*** INFORMATION SHOWN Section Begins ***

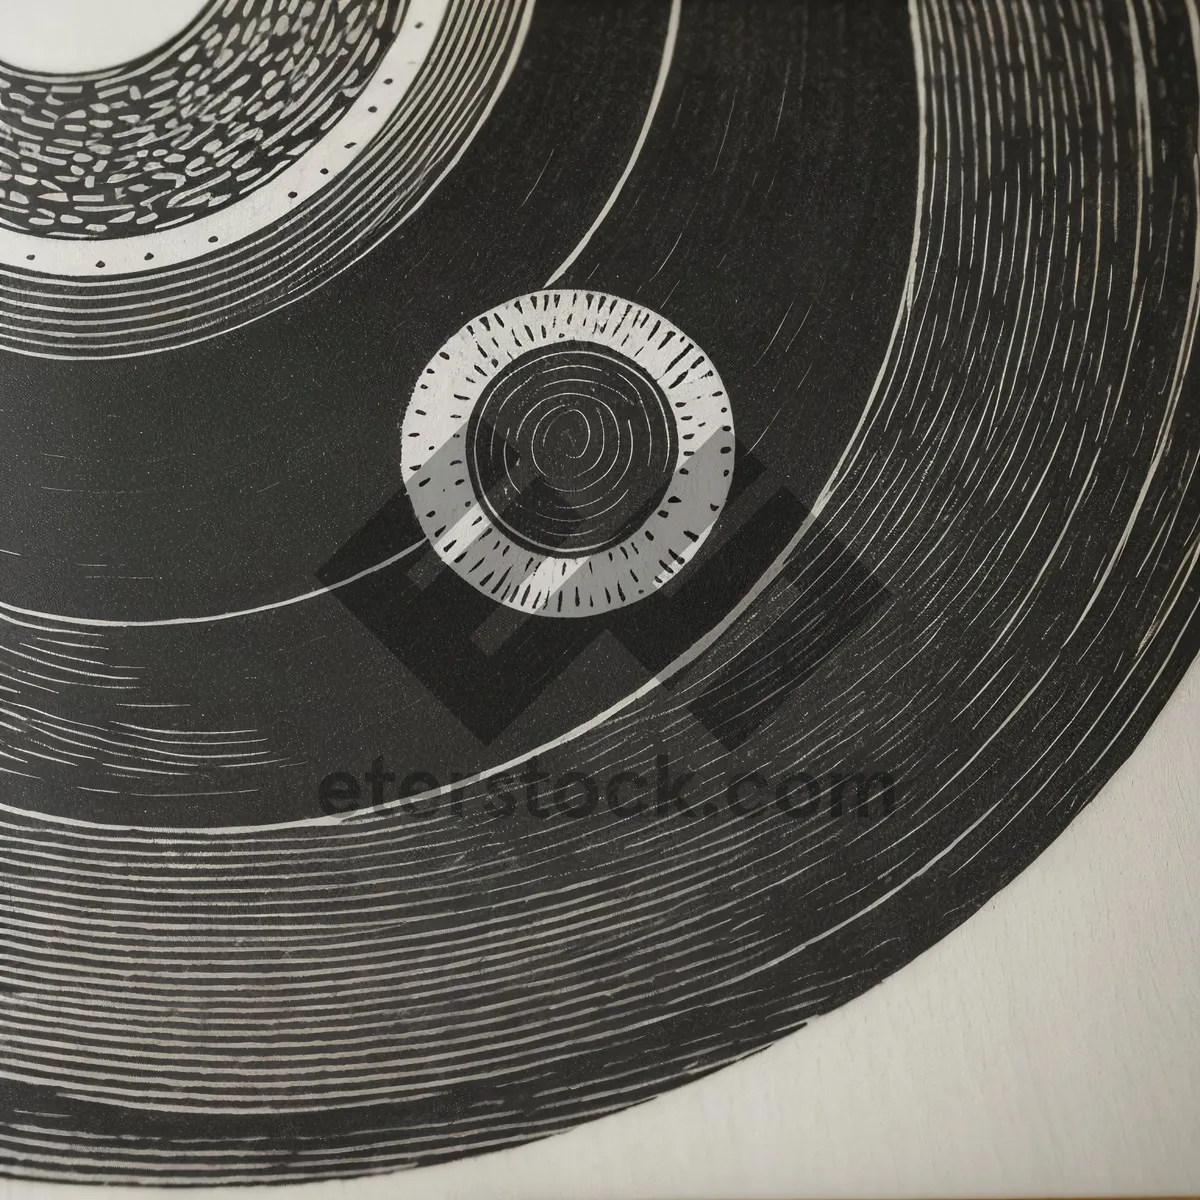 Picture of Sound Circle: Music-Film Reel and Phonograph Record Equipment
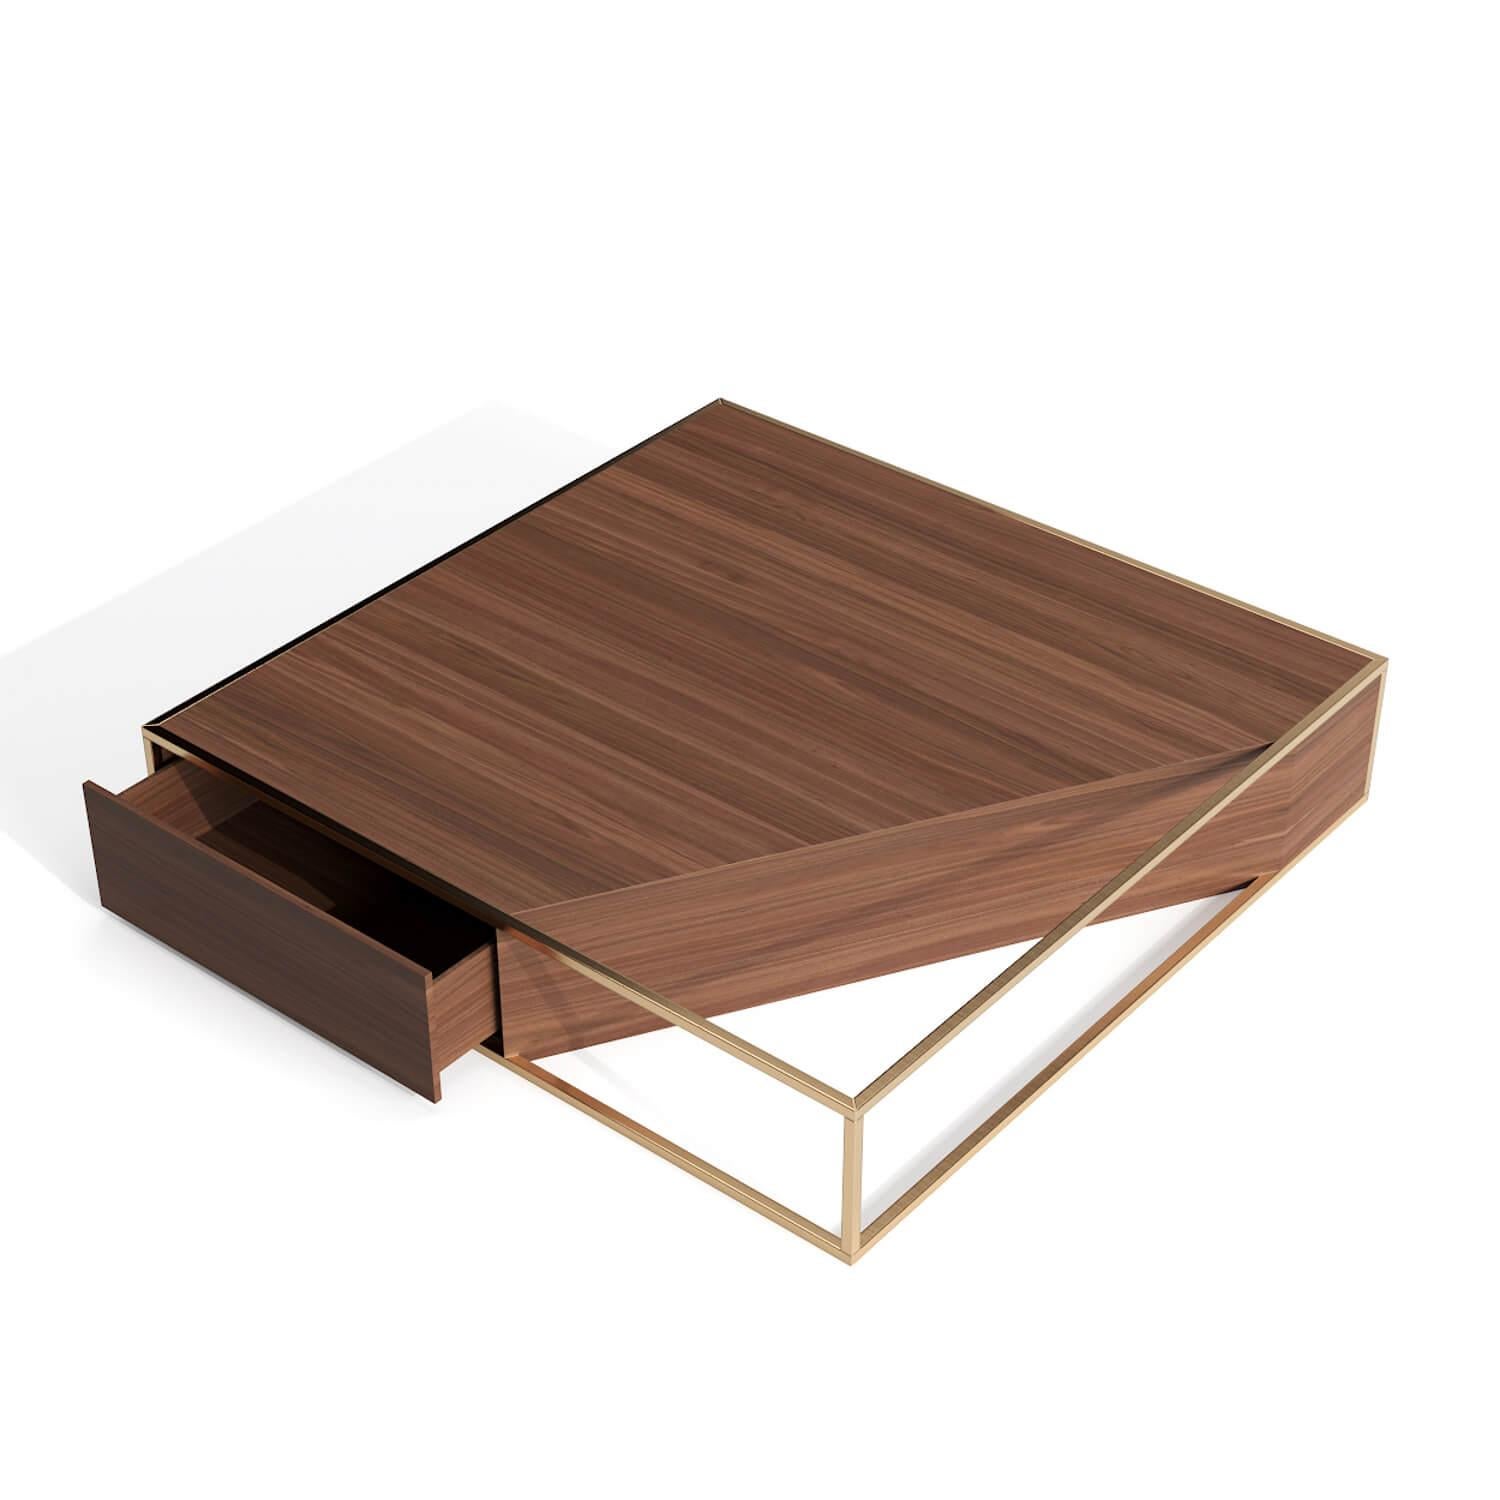 Polished Modern Minimalist Square Center Coffee Table in Walnut Wood and Brushed Brass For Sale
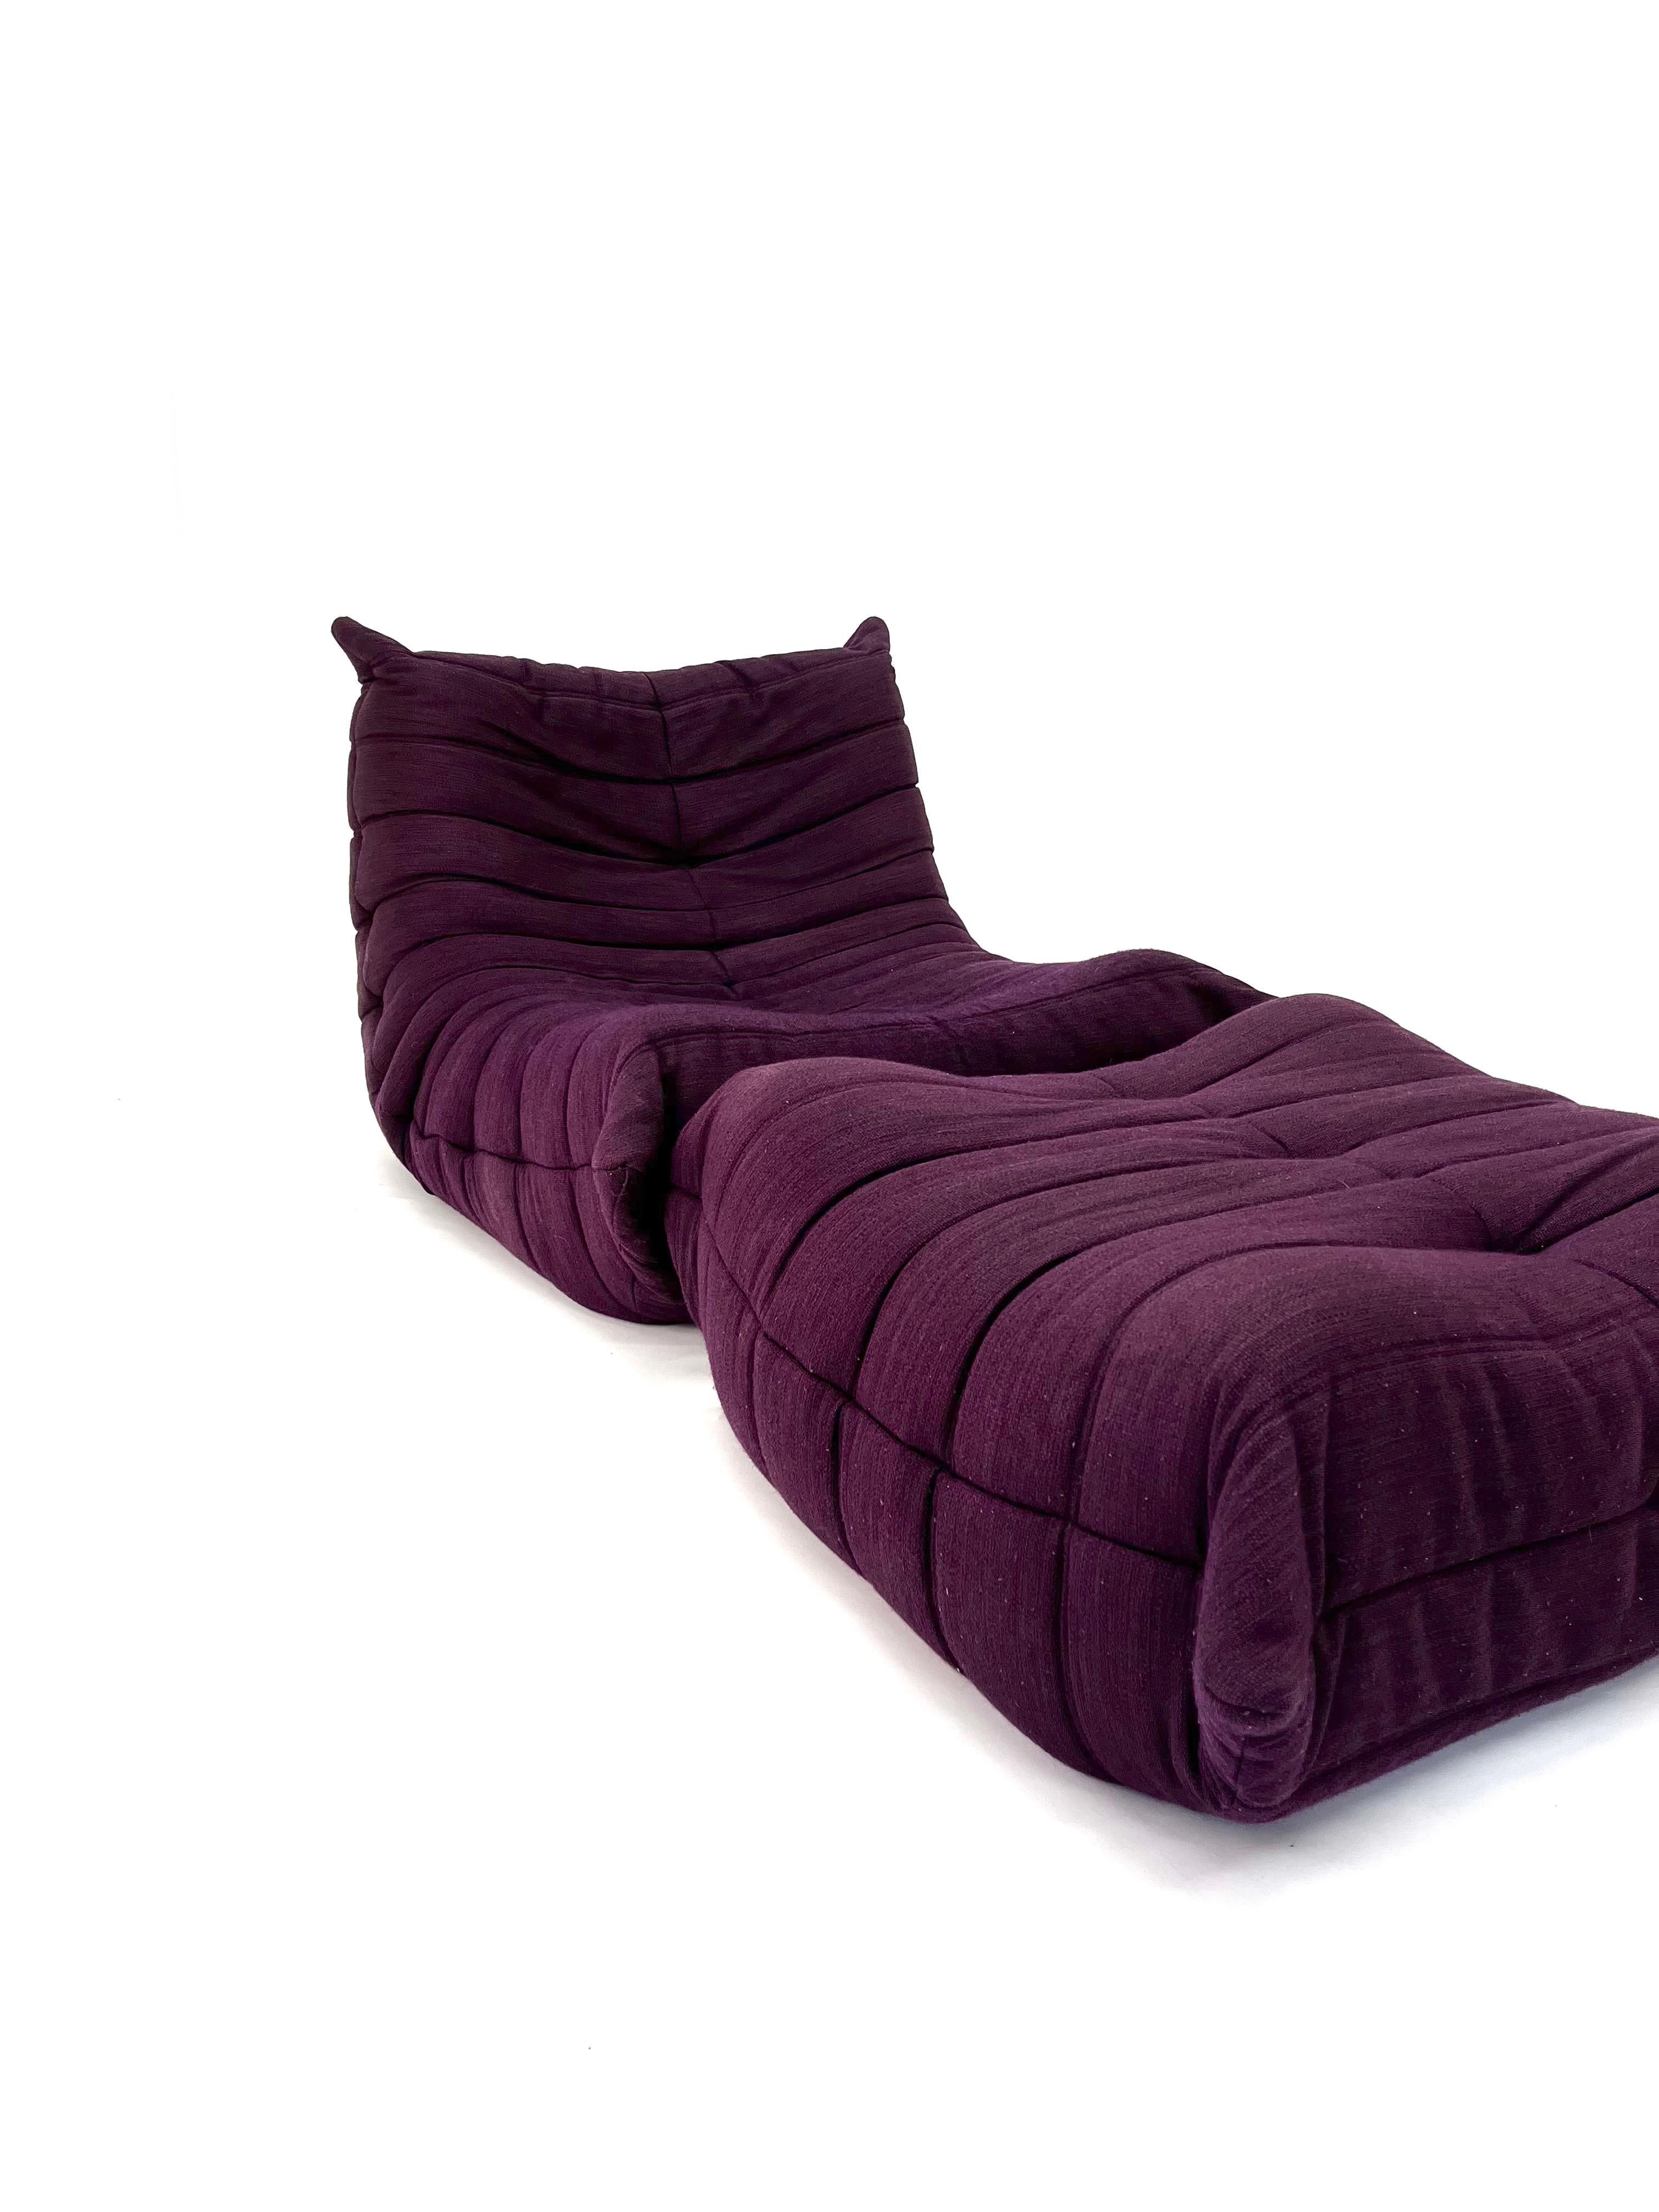 Togo Chair and Ottoman in Purple by Michel Ducaroy for Ligne Roset For Sale 3

*** INFORMATION SHOWN Section Ends ***

EXERCISE BRIEF – Transcribe everything above exactly. Do not include the pictures.

OUTPUT BELOW –
 Picture of Sound Circle: Music-Film Reel and Phonograph Record Equipment
 Polished Modern Minimalist Square Center Coffee Table in Walnut Wood and Brushed Brass For Sale
 Togo Chair and Ottoman in Purple by Michel Ducaroy for Ligne Roset For Sale 3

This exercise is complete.